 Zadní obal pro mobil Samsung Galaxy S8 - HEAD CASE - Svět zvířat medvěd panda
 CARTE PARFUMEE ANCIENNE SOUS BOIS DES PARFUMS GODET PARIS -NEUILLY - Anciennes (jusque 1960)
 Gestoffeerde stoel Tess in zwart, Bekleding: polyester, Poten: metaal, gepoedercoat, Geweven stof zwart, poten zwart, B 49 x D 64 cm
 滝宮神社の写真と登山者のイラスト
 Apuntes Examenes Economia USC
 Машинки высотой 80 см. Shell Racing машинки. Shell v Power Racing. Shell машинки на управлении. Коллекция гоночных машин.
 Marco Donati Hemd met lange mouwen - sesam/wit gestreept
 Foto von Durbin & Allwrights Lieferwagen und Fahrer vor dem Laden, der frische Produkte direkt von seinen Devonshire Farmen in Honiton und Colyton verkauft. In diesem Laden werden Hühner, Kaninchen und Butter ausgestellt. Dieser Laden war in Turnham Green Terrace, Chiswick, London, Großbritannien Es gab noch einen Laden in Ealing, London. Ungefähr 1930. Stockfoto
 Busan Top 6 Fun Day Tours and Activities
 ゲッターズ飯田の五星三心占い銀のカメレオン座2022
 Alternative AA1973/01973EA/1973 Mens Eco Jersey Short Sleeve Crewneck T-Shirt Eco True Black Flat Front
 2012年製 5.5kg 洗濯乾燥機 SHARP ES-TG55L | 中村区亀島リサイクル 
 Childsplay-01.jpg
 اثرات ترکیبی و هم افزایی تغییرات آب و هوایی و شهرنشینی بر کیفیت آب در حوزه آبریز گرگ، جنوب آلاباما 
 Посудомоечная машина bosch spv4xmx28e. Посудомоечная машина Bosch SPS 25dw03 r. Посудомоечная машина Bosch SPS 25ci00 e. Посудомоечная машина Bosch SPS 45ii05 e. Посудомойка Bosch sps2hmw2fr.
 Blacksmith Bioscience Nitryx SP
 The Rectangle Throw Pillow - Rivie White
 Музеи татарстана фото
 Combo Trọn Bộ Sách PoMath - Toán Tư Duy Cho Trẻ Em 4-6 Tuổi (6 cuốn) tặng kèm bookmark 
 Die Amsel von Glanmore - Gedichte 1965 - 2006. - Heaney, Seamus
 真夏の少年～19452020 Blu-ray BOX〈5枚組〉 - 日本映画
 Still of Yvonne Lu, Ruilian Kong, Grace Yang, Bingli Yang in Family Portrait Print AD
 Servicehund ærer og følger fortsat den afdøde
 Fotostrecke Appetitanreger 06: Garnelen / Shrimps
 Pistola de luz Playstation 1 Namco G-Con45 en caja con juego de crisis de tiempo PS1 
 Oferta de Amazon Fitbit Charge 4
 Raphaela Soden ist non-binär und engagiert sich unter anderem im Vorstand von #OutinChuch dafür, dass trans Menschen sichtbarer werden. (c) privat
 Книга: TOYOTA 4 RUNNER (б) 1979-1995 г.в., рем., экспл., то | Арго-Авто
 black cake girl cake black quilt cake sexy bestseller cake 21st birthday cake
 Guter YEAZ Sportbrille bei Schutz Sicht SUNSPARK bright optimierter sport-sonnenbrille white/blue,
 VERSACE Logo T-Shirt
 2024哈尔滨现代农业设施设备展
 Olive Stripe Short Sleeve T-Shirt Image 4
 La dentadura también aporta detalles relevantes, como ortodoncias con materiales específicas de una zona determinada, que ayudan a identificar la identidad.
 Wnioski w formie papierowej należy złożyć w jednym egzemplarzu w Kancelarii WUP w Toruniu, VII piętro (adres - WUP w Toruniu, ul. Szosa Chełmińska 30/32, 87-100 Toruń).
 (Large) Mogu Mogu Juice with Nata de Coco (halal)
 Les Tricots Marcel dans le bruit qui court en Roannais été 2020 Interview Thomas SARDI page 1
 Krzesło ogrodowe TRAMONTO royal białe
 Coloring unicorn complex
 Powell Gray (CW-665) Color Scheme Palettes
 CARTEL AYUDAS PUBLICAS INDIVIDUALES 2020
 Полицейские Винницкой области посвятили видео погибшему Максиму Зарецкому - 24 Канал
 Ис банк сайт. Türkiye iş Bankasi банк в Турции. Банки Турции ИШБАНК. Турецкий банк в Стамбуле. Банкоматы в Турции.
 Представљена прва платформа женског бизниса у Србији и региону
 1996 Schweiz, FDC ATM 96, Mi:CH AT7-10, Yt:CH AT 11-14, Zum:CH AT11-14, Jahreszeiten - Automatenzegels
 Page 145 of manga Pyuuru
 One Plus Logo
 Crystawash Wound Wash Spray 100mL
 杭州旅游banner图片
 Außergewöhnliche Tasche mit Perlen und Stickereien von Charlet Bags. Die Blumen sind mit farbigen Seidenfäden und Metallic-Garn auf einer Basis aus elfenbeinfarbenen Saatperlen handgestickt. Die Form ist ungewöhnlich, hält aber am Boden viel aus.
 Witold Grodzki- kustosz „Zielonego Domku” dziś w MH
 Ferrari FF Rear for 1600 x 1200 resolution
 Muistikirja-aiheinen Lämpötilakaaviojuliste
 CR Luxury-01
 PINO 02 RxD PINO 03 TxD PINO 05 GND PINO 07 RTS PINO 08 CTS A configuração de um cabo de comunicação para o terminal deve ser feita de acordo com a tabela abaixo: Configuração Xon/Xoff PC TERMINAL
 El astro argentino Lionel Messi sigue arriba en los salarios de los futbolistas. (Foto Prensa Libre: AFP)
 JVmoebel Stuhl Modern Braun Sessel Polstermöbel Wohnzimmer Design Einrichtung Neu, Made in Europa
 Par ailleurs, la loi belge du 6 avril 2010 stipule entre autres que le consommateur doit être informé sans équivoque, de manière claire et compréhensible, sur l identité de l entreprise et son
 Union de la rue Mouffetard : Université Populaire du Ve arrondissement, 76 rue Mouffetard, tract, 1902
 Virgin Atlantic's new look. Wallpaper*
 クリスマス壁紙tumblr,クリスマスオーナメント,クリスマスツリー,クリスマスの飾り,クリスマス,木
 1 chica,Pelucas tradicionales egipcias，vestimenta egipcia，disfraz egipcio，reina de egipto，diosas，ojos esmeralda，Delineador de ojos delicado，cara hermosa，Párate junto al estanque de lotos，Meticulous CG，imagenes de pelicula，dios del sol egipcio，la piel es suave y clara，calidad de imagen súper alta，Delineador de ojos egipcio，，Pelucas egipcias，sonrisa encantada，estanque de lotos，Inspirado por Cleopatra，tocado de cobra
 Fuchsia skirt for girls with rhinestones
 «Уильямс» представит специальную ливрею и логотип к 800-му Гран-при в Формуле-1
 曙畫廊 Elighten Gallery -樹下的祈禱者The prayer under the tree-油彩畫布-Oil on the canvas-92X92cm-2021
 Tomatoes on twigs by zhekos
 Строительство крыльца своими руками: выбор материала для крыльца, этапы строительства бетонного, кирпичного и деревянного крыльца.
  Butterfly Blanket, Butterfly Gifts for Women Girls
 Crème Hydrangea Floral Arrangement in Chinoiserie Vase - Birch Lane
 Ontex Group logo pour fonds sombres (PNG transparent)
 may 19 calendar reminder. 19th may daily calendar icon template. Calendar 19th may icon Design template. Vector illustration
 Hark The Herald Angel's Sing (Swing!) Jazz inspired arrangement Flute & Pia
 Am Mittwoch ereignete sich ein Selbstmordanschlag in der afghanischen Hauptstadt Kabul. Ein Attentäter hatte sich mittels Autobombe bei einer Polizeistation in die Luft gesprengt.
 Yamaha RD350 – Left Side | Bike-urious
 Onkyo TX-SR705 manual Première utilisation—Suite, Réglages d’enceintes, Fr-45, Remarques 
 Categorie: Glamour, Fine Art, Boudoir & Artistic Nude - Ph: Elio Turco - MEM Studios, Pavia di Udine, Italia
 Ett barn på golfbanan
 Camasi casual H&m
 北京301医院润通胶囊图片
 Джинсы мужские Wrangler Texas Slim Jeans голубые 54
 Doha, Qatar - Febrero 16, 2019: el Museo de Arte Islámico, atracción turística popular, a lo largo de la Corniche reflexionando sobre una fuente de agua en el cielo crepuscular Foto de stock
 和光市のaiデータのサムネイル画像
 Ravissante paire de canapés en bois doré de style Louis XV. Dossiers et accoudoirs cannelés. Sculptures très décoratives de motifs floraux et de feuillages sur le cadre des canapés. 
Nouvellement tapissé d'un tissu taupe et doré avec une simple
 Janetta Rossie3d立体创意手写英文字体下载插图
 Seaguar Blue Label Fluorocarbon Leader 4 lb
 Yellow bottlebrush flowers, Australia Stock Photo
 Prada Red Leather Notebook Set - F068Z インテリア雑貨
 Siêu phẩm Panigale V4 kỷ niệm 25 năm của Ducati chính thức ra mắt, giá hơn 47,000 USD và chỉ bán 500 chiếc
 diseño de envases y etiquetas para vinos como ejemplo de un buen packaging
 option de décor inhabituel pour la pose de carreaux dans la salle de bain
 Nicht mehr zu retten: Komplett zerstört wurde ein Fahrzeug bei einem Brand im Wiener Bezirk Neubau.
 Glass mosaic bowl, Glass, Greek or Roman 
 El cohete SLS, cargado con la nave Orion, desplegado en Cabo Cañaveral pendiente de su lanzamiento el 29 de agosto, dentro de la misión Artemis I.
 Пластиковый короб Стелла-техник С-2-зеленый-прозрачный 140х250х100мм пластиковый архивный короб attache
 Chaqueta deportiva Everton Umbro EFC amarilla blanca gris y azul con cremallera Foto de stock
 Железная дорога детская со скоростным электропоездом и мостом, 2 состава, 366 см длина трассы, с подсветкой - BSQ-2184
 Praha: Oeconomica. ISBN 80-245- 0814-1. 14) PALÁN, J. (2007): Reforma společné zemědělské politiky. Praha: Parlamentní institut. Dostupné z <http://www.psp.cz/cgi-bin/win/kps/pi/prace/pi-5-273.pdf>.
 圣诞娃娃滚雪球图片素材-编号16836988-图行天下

Task: Go through the entries above and report every line in which the word "como" appears.

Solution for this problem:
 La dentadura también aporta detalles relevantes, como ortodoncias con materiales específicas de una zona determinada, que ayudan a identificar la identidad.
 diseño de envases y etiquetas para vinos como ejemplo de un buen packaging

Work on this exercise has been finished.